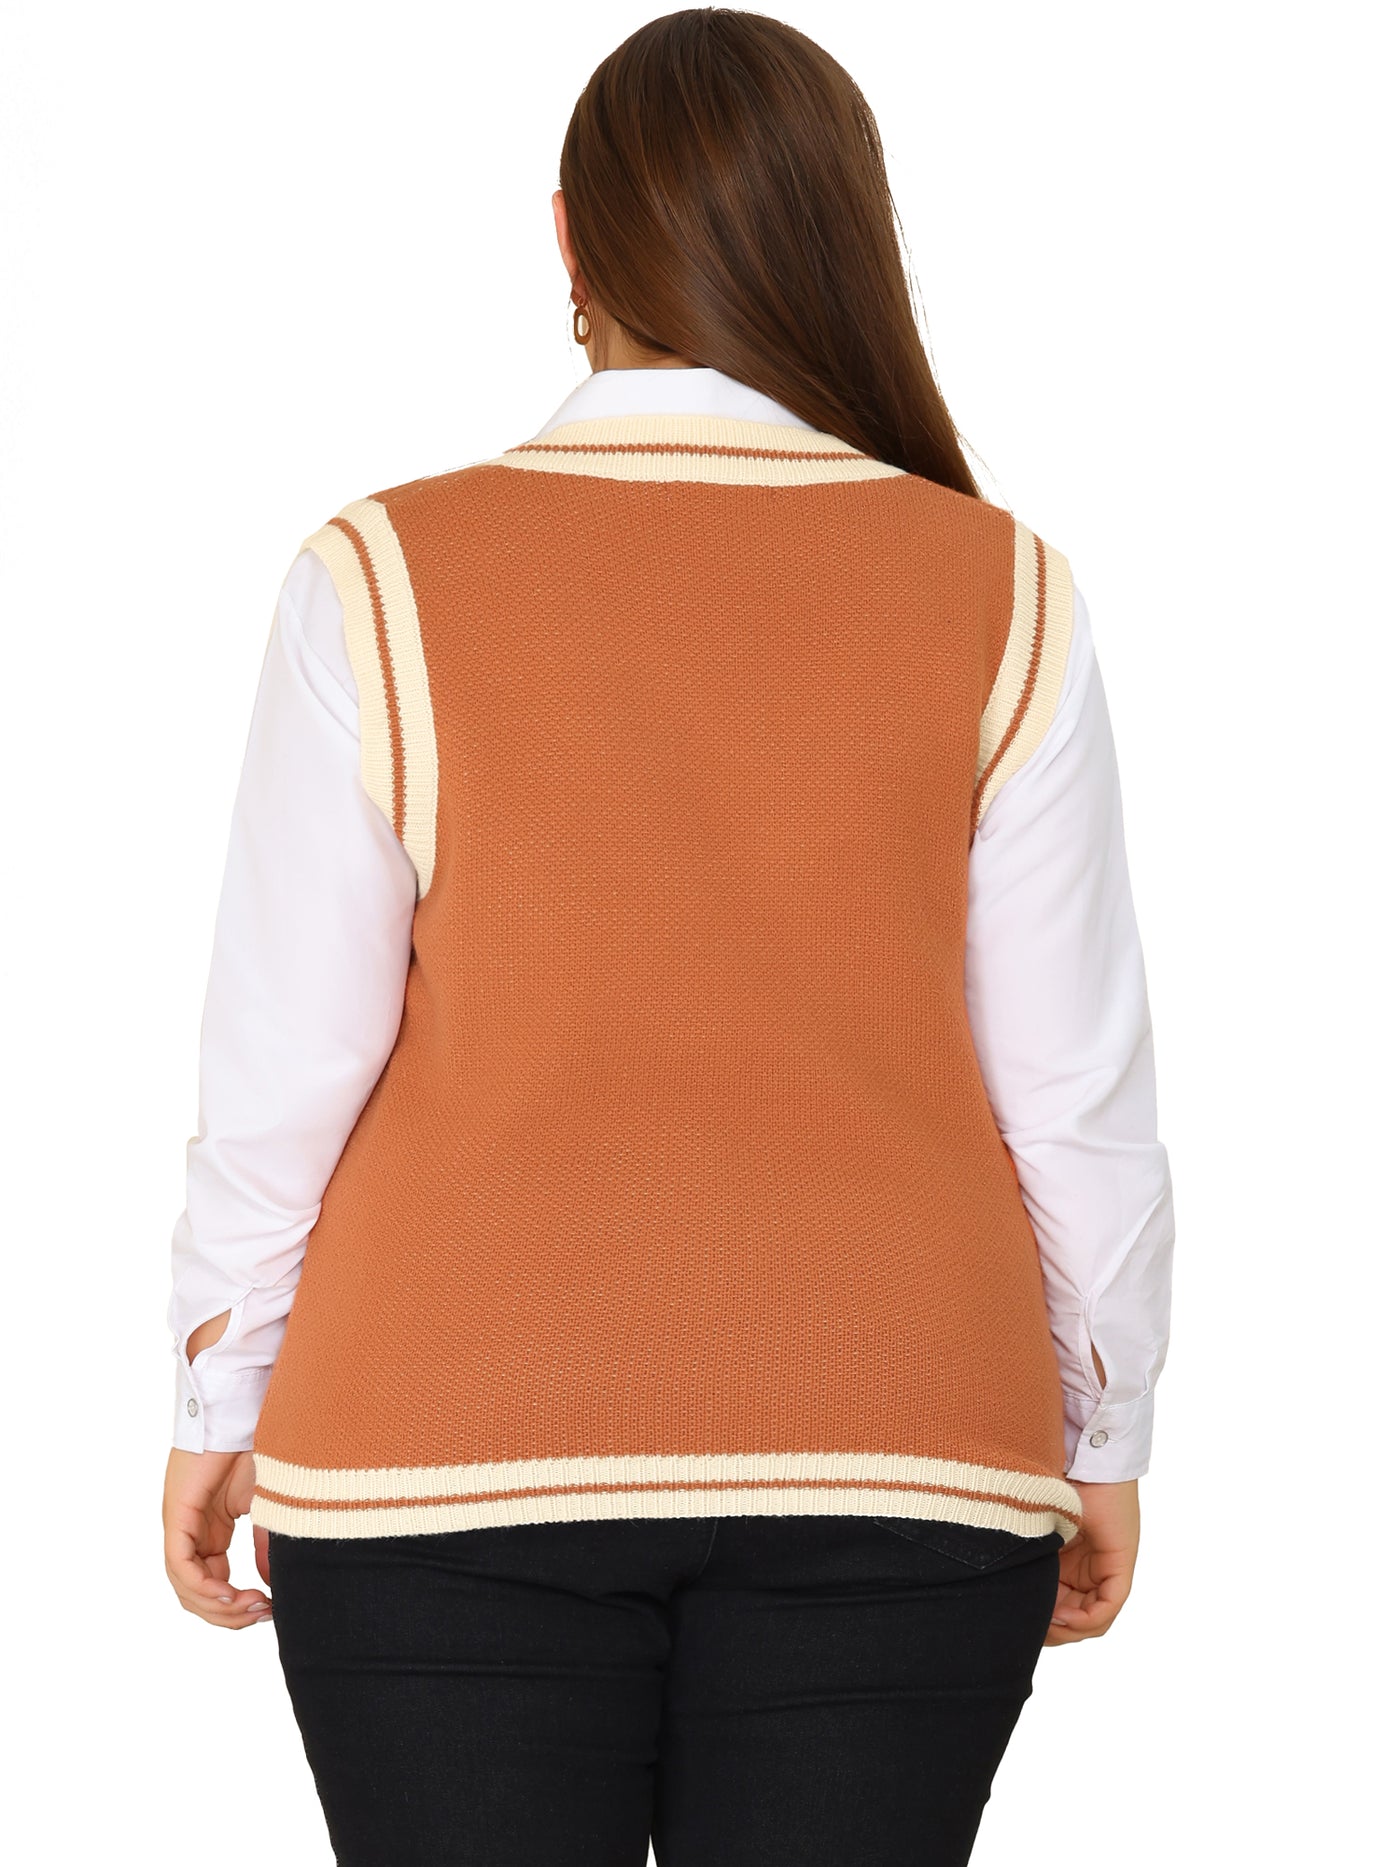 Bublédon Women's Plus Size Sweater Vest V Neck Bear Knit Sleeveless Pullover Sweaters Vests
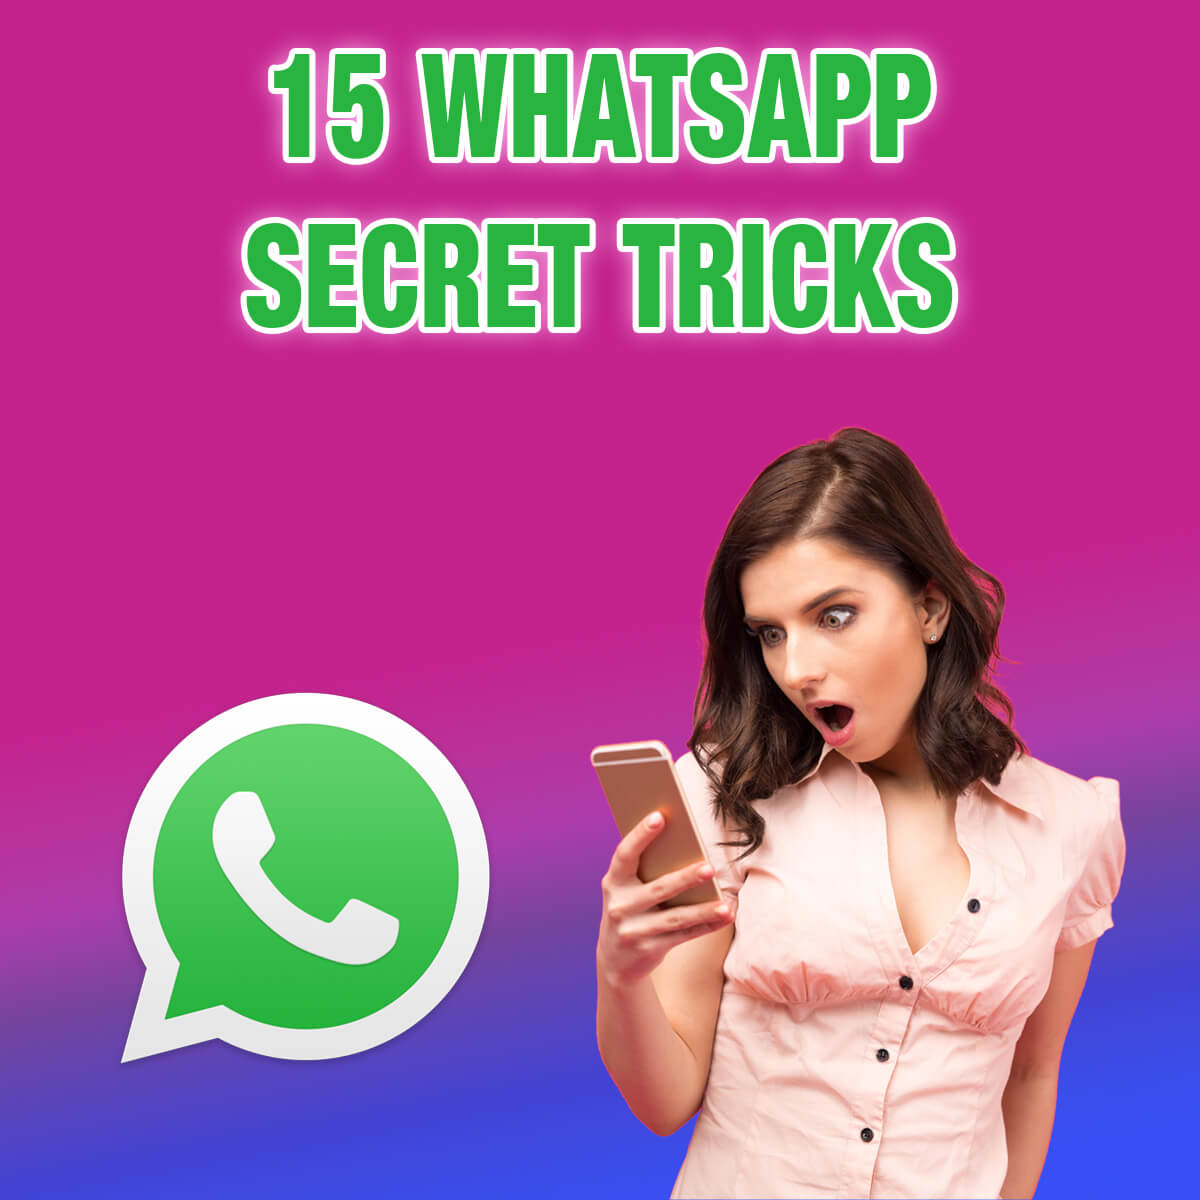 15 WhatsApp Secret Tricks
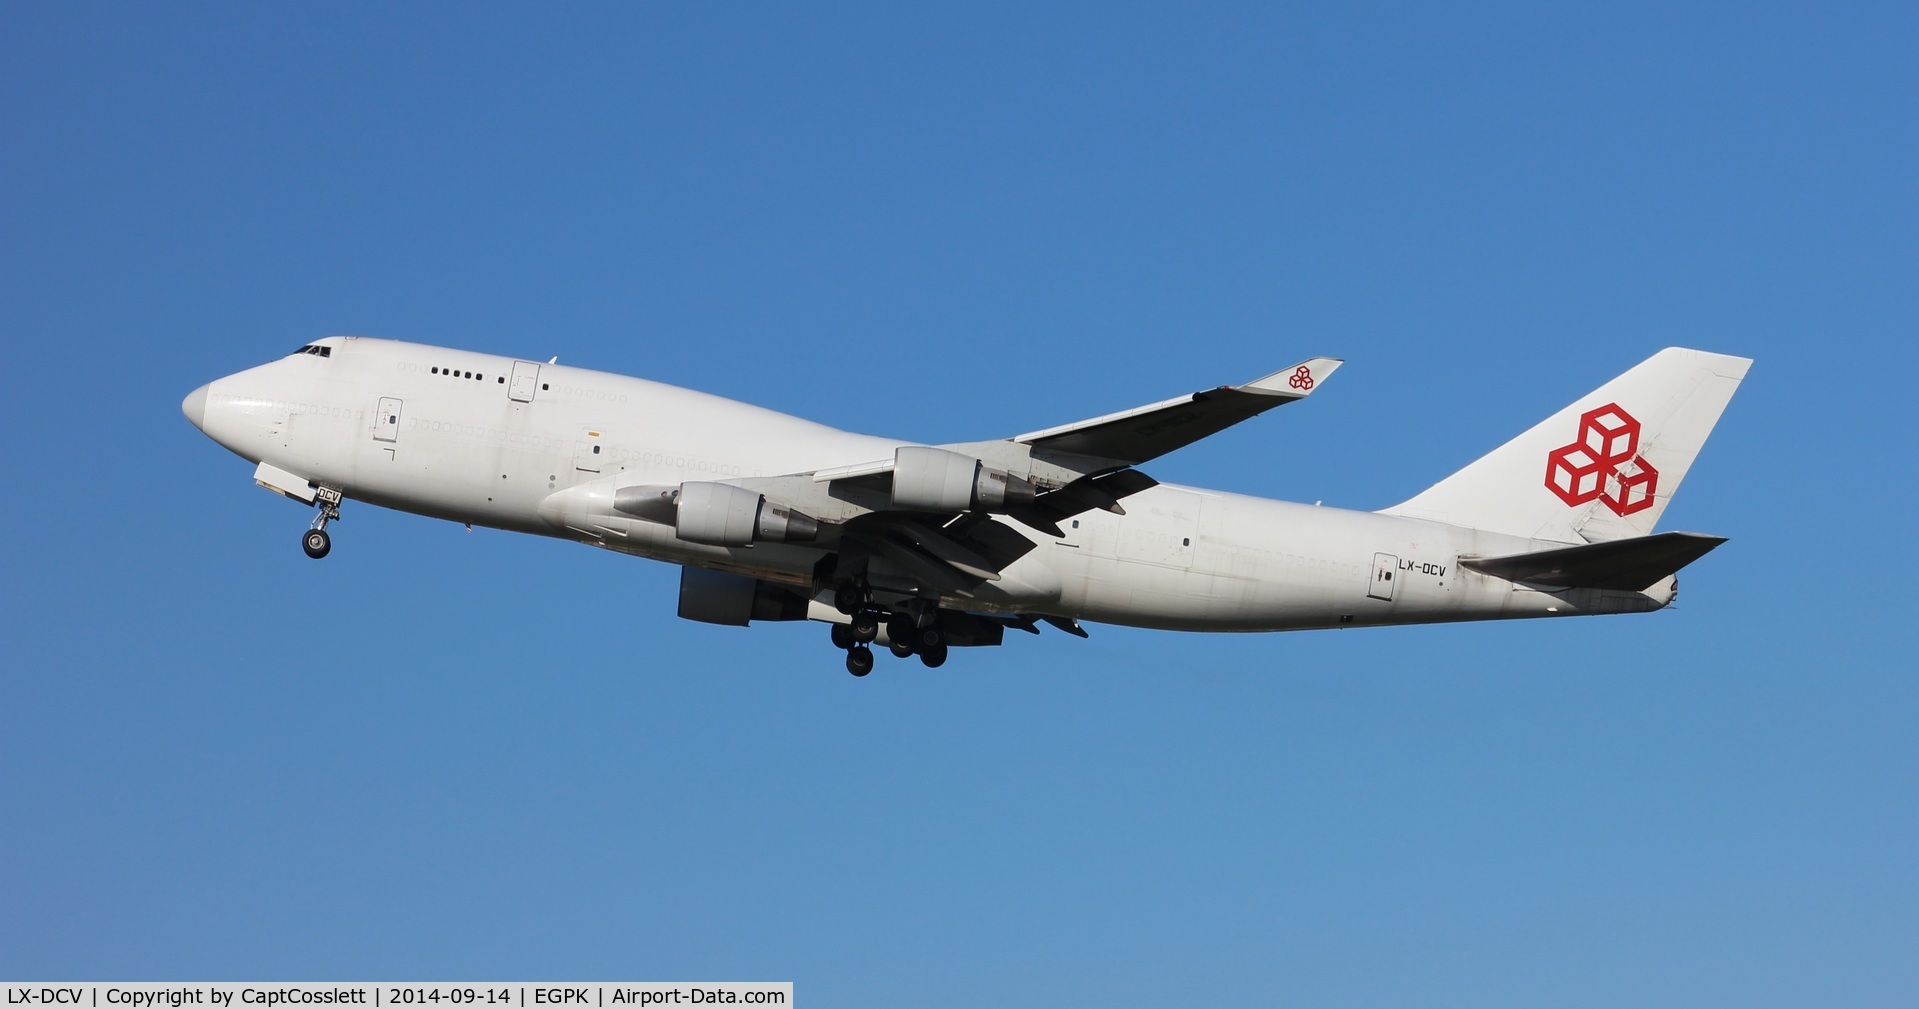 LX-DCV, 1990 Boeing 747-4B5F/SCD C/N 24619, Gear up! Taken at Prestwick September 2014. Ex - HL7480 of Korean Air

- **What you need to do**:
Your answer should consist solely of the lines from the line with "15 WhatsApp Secret Tricks" to the final line of the listing, set down word for word, pictures omitted.

- **Answer space**:
 15 WhatsApp Secret Tricks
 LX-DCV, 1990 Boeing 747-4B5F/SCD C/N 24619, Gear up! Taken at Prestwick September 2014. Ex - HL7480 of Korean Air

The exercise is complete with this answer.